At age 18, right out of high school, she married and
went to work. Two children came along, and her career in business
continued and grew.
"From 18 to fortysomething, I would pick up a pencil
every now and then and draw something. I draw very realistically."
Exploration

In Harris' class, Pippin started by painting faces and then included
landscapes. "I couldn't do it as a hobby, though," she says ruefully.
"This was my temperament. I couldn't just enjoy it. I thought I had to
make a living at it."
When she wasn't an instant success as an artist, she quit painting and
began searching for - something.
Call it midlife crisis, empty-nest syndrome, menopause or just
existential angst, Pippin dragged the patient Weaver through two moves
in Santa Fe and four in other states, looking for her elusive self.
"I spent 10 years wondering what I am supposed to be doing with my life.
I spent a year studying to be a Unity minister, and when I wasn't
accepted to seminary right away, I decided that wasn't it.
"I moved us to California in 1998 to join the National Speakers'
Association, and never made a speech. I didn't enjoy Southern California - we
were too near the ocean and it was gray all the time - so we moved
further north. Then we went to Las Vegas, Nevada."
There, she started painting again, but initially wasn't happy with her work or her
studies. Finally, pulled by love for her daughter and two grandchildren
who live in Santa Fe, Pippin and Weaver returned to New Mexico in 2003.
"Sometimes you need to leave to know what you've left behind," she says.
"I finally realized that we can second-guess ourselves forever, but
we're not really here for a purpose but to focus, and in that
focus our God-self flows through and in that is our true meaning for
being," she says. "I
make art. Maybe it's my age or where I've evolved to, but I've finally
quit questioning it."

Aleta Pippin's
paintings have been praised as "joyful" and "healing." This
is "More to
the World than the Eyes See," an acrylic on canvas.
Finding Direction
With this new hard-won wisdom came liberation as an artist as well. Back
in 1991, Pippin had taken her self-described "sweet little bucolic
paintings" to a master class taught by Alex Shundi. He looked at them
for a long time and turned and asked her gently, "Why are you painting
these?" She was devastated at the time. "I don't know what else to
paint," she told him.
"Abstraction wasn't something I was drawn to," she says, but Pippin
listened closely as Shundi taught. "He helped me to understand that
abstraction has the same technical criteria as landscapes - design,
color, value and shape still have to be considered."
Coming home to Santa Fe three years ago, she remembered those lessons as
she sat in her studio carved out of a guesthouse on her and her
husband's property. "I realized I was really tired of visually
replicating something all the time. I needed to experiment."

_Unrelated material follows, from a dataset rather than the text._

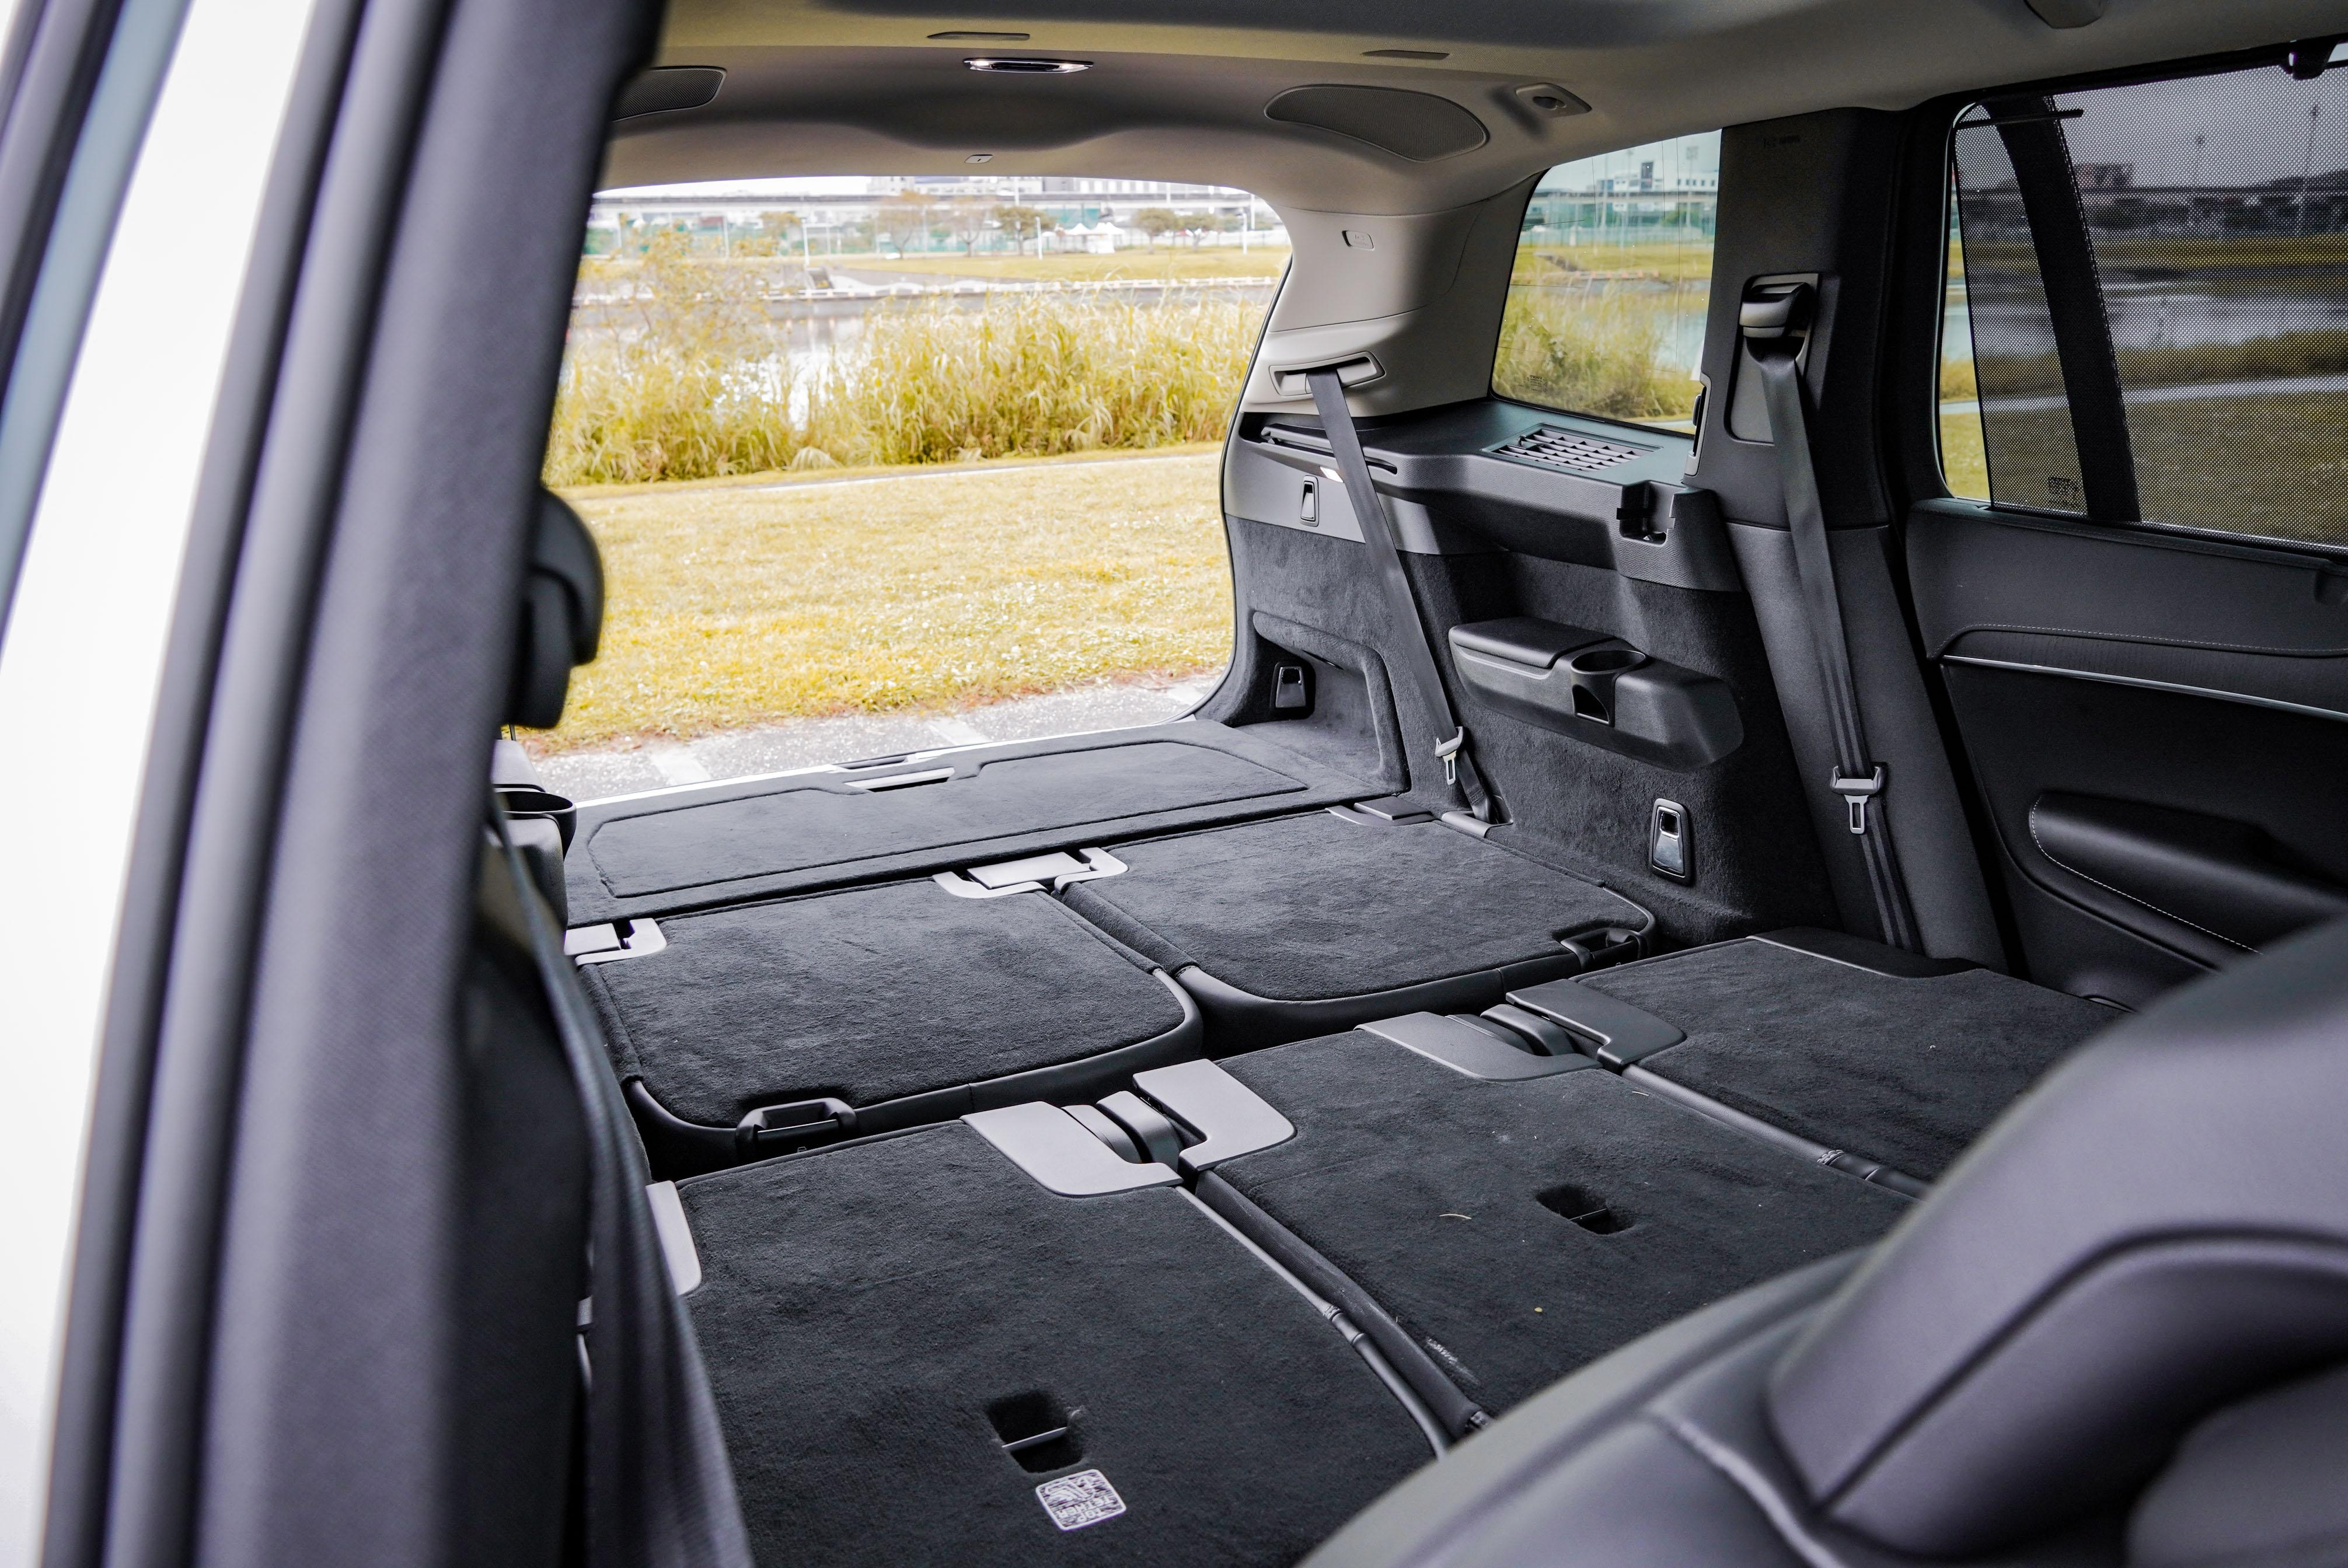 座椅全部傾倒後,後廂容積放大到 1,816 L 之譜。

At the same time, she switched from oil to acrylic paint and decided to
push the new medium to its limit. Soon, Pippin threw away the brushes,
too. Her new works which she labels "controlled chaos," are poured paint
on canvas or paper. They have been getting larger and larger. Lately she
has been adding a high gloss with resin or acrylic airplane gloss.
She shows with the Santa Fe Society of Artists, of which she
is president this year, and as a member of the limited-partnership Artistas de Santa Fe Gallery.
Ironically, now that Pippin has let go of the need to be commercially
successful, the new paintings have sold to individual and corporate
collectors as her earlier work never did, drawing prices in the high
four figures.
The paintings have been praised as "joyful" and "healing."
For Pippin, it is finally all about the art.